Exercise material:

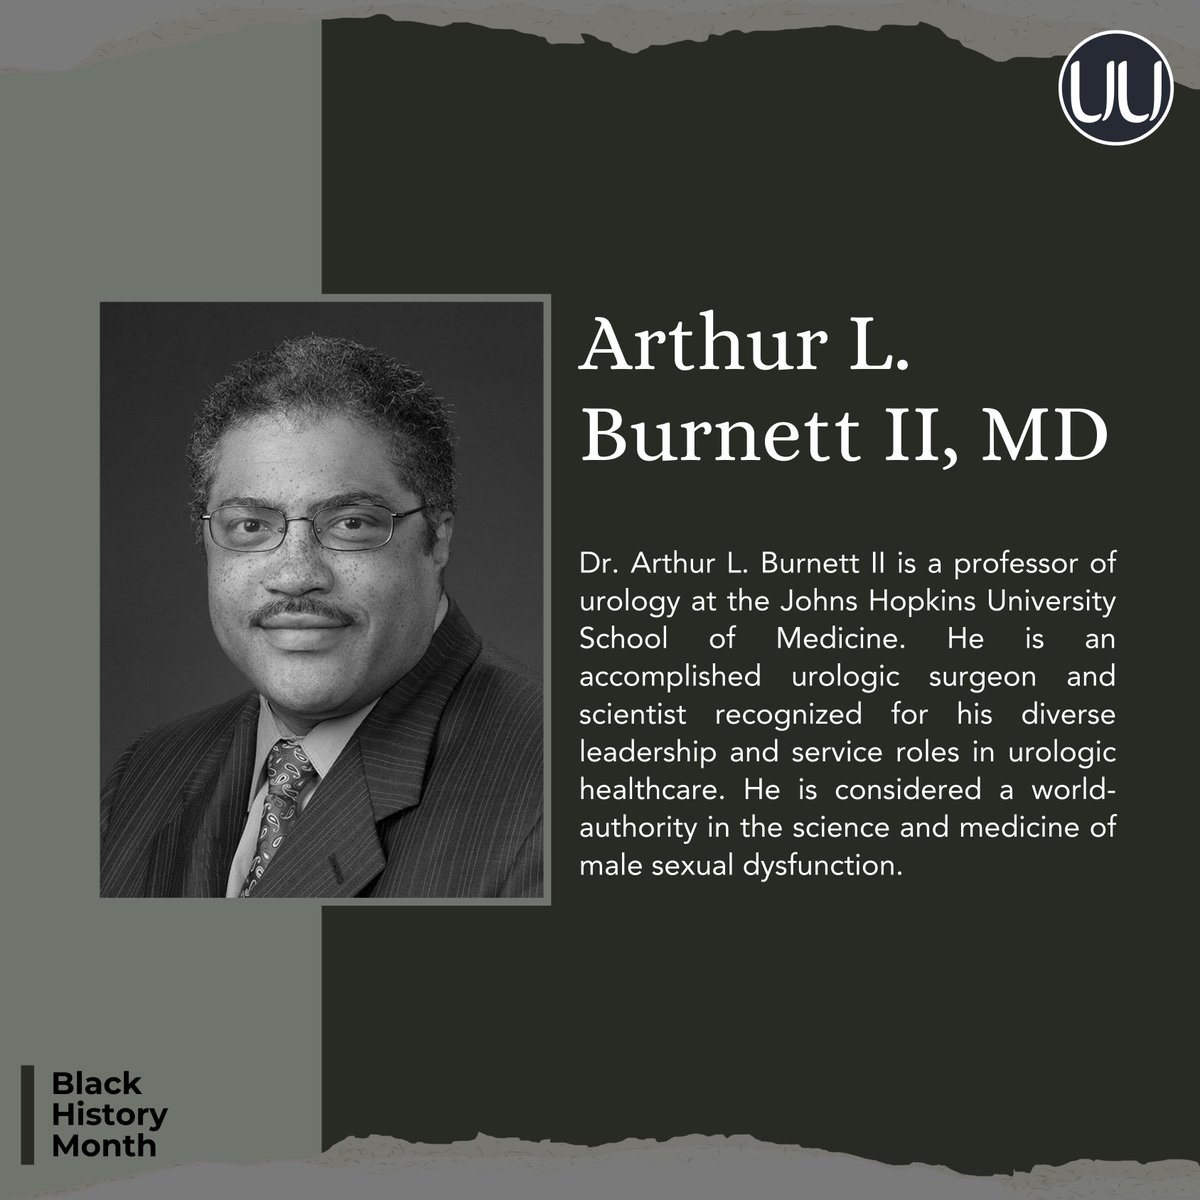 Celebrating black leaders in Urology!
Dr. Arthur L. Burnett - #LivingLegendinUrology

#BlackHistoryMonth #DiversityInMedicine #BlackExcellence  #BlackInMedicine #URiM
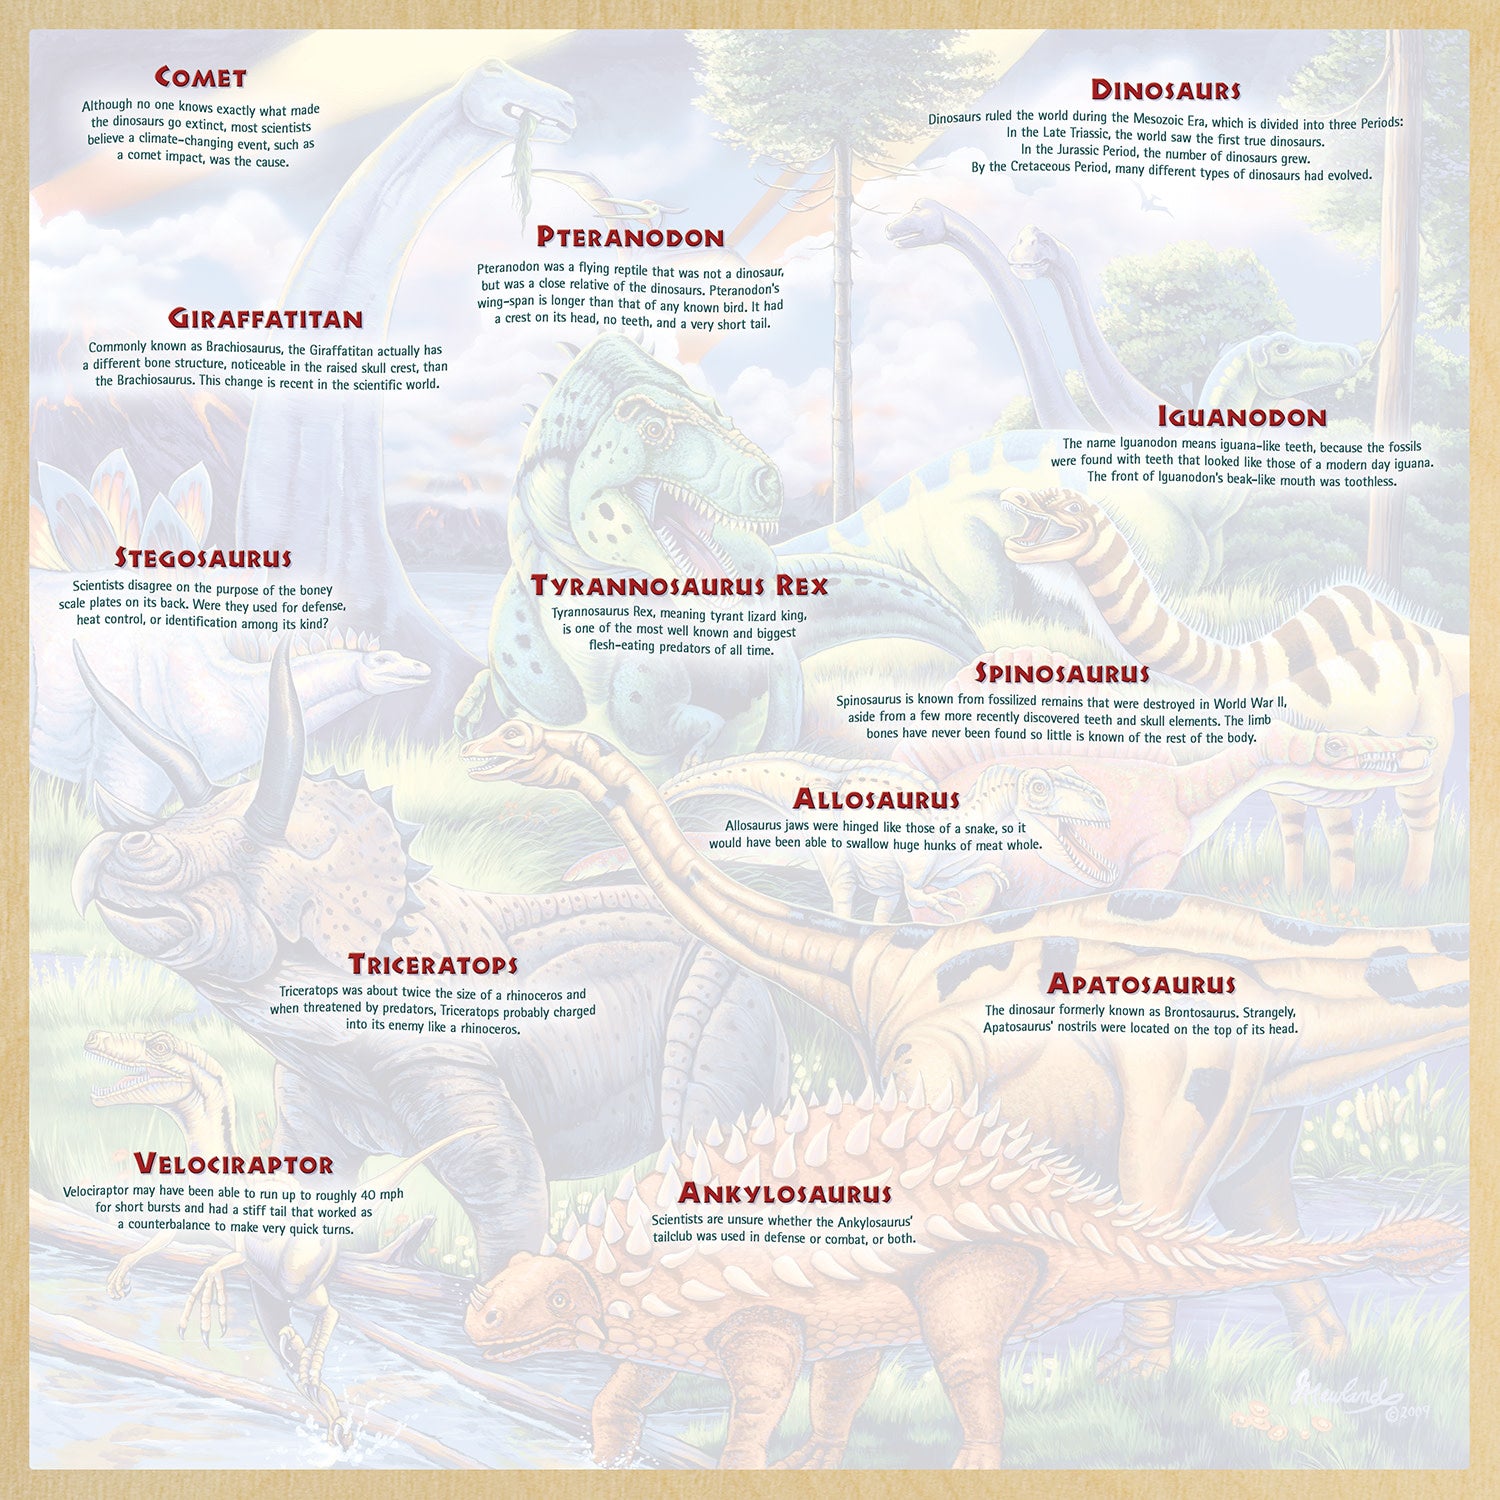 Wood Fun Facts - Dinosaur Friends 48 Piece Wood Jigsaw Puzzle
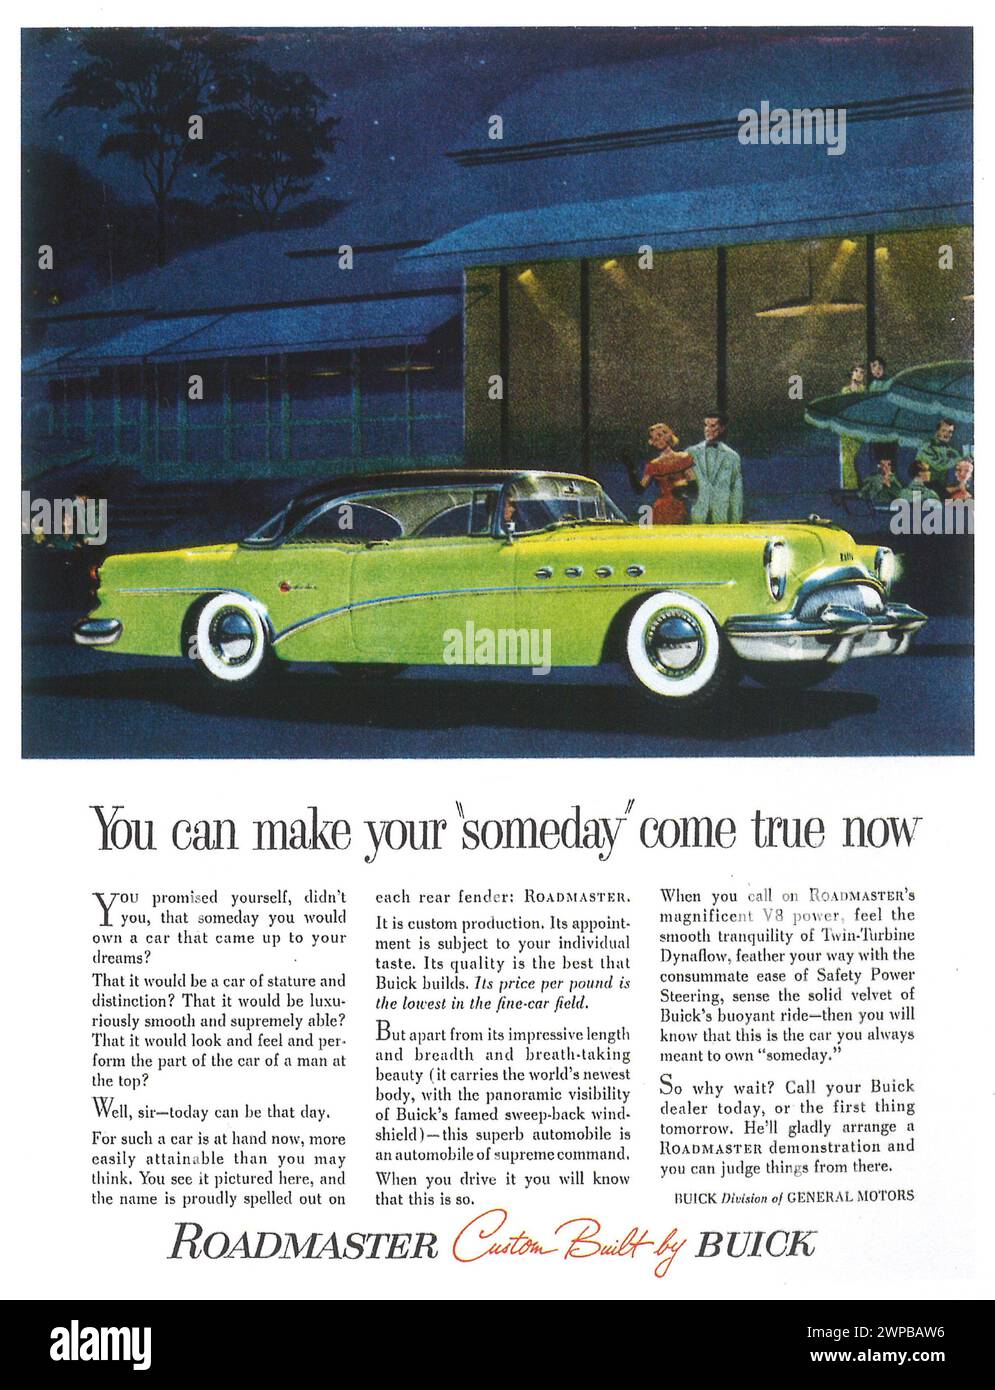 1954 Buick Roadmaster print ad Stock Photo

Problem statement: Every line in the records is to be retyped exactly as it stands; the pictures stay out.

Task answer:
 Celebrating black leaders in Urology!
Dr. Arthur L. Burnett - #LivingLegendinUrology

#BlackHistoryMonth #DiversityInMedicine #BlackExcellence  #BlackInMedicine #URiM
 Wood Fun Facts - Dinosaur Friends 48 Piece Wood Jigsaw Puzzle
 1954 Buick Roadmaster print ad Stock Photo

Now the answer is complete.